WHAT THE EXERCISE ASKS:
Each line of data below must be printed exactly as written, with any pictures removed.

DATA EXTRACT:
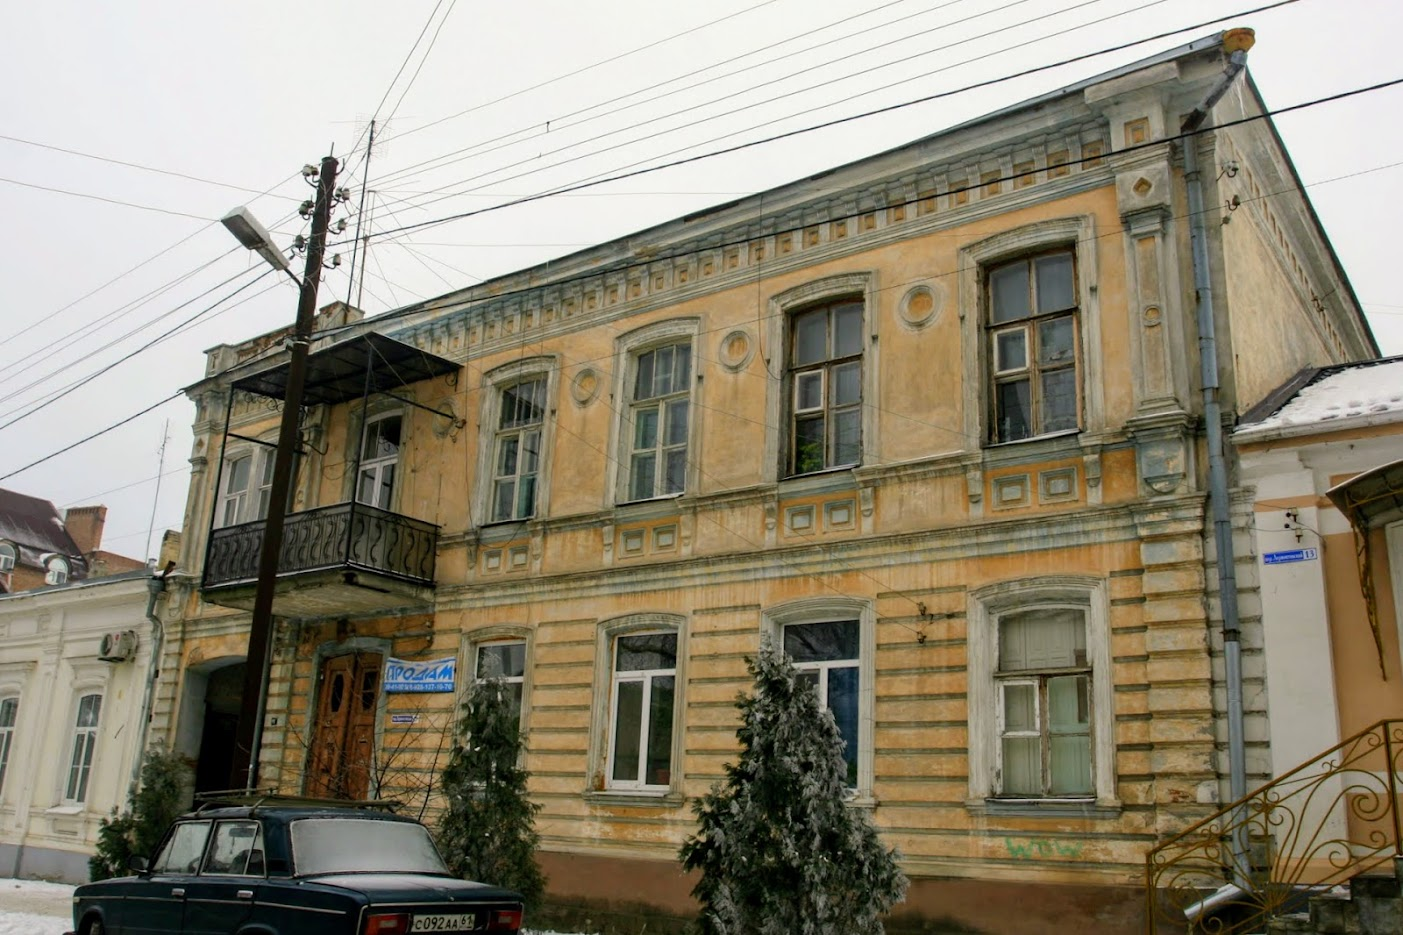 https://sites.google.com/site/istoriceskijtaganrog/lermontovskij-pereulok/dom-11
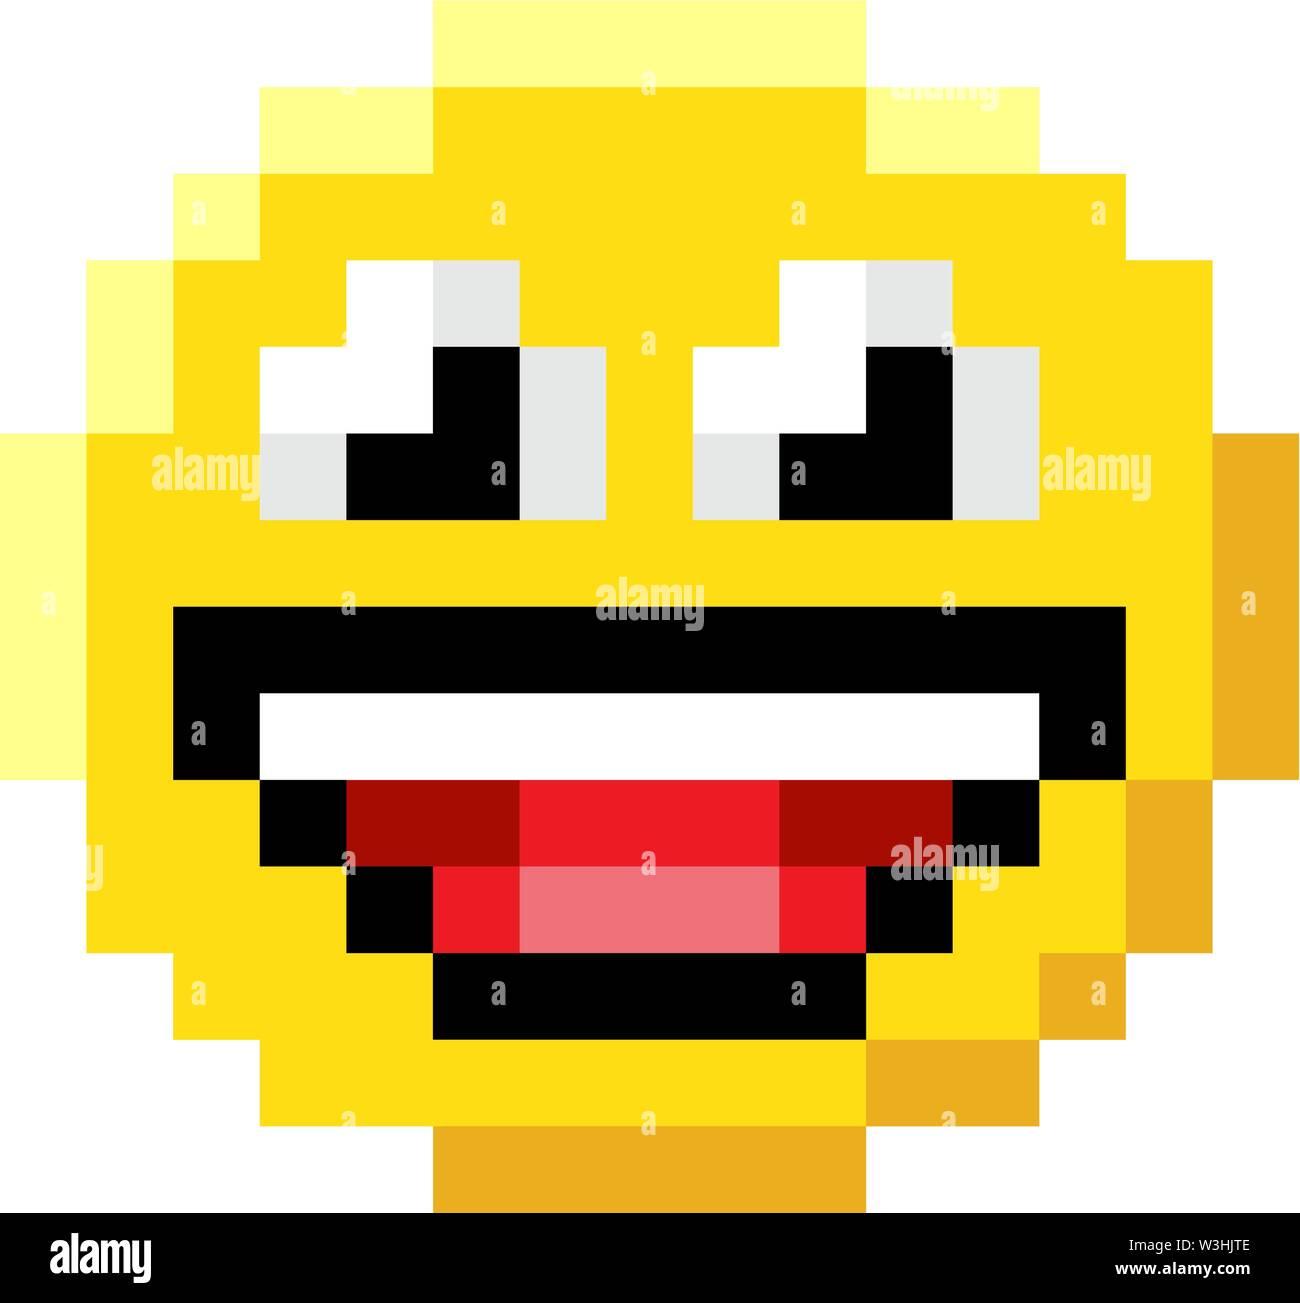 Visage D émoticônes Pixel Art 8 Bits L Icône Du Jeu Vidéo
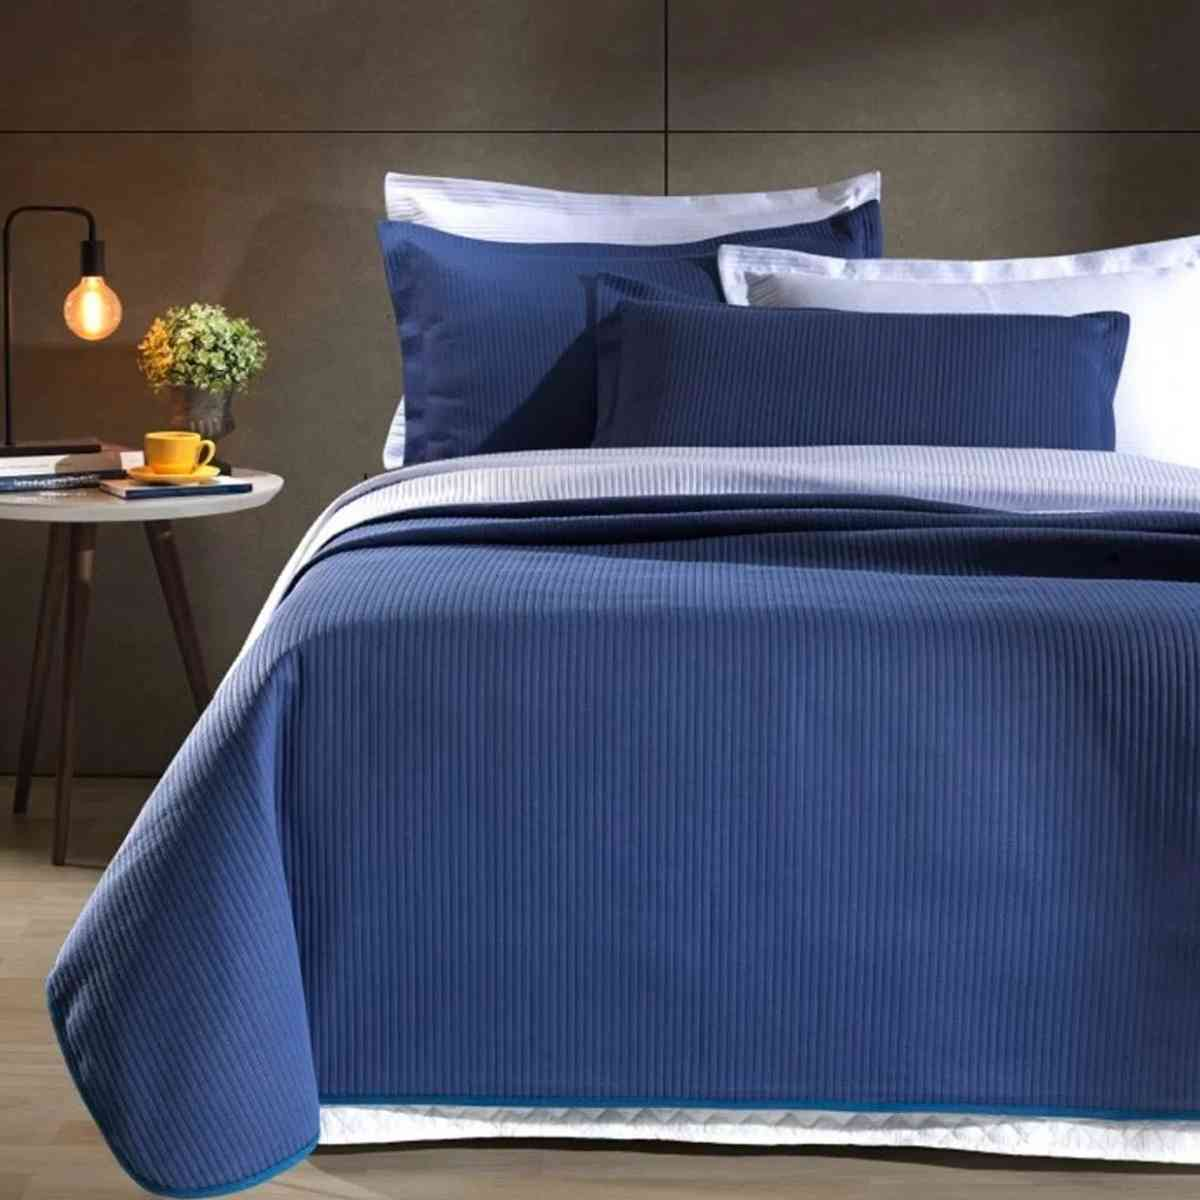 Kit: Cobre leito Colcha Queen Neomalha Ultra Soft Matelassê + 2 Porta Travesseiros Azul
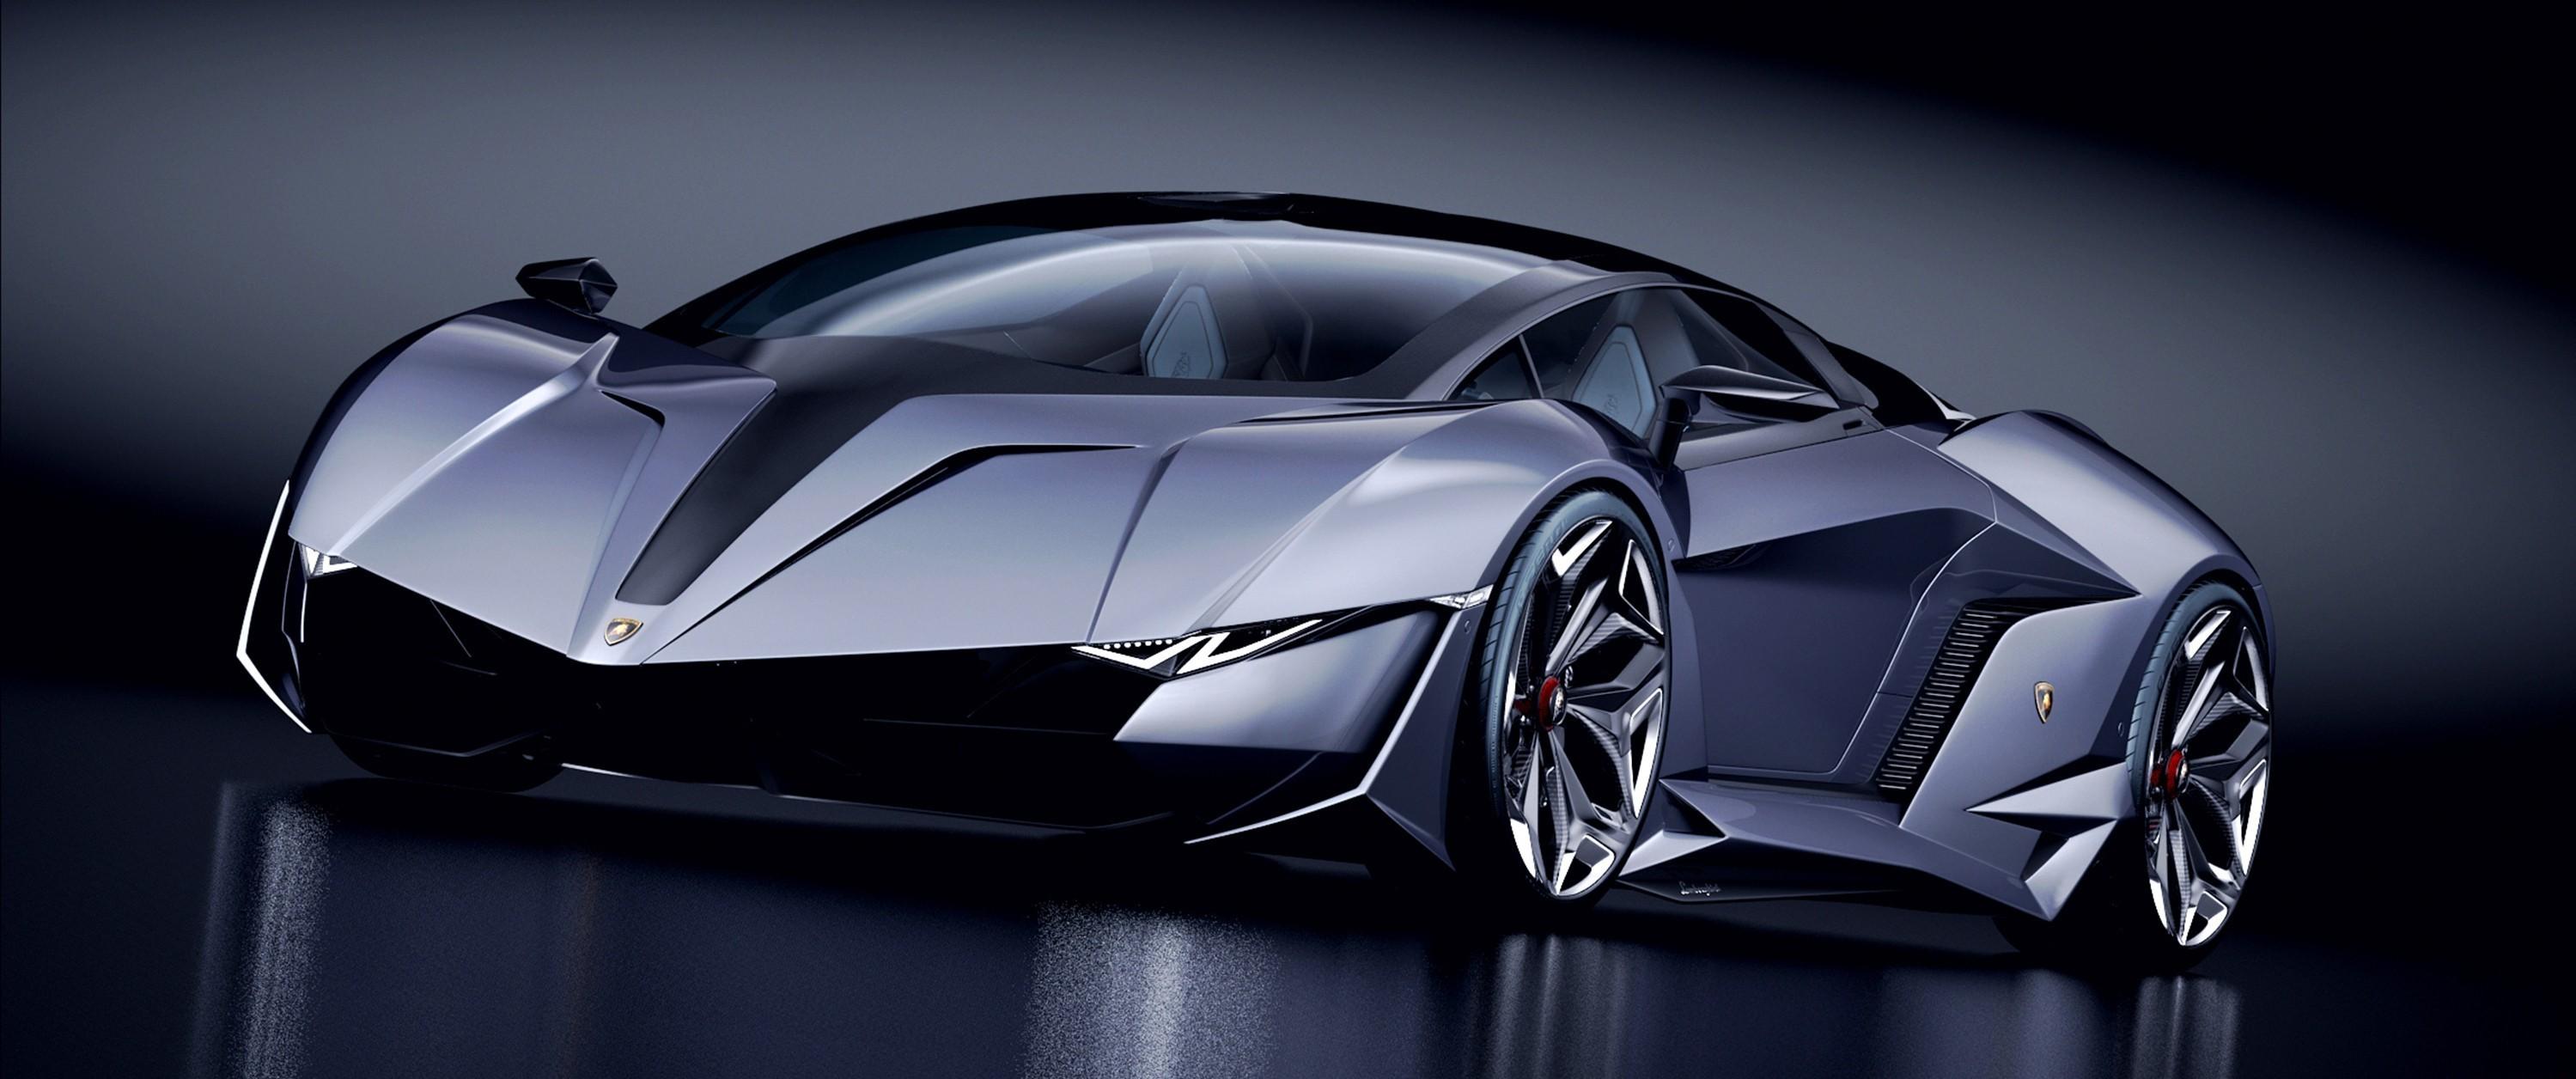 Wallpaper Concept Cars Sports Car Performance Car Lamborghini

FINISHED TASK:
 https://sites.google.com/site/istoriceskijtaganrog/lermontovskij-pereulok/dom-11
 Visage D émoticônes Pixel Art 8 Bits L Icône Du Jeu Vidéo
 Kit: Cobre leito Colcha Queen Neomalha Ultra Soft Matelassê + 2 Porta Travesseiros Azul
 Wallpaper Concept Cars Sports Car Performance Car Lamborghini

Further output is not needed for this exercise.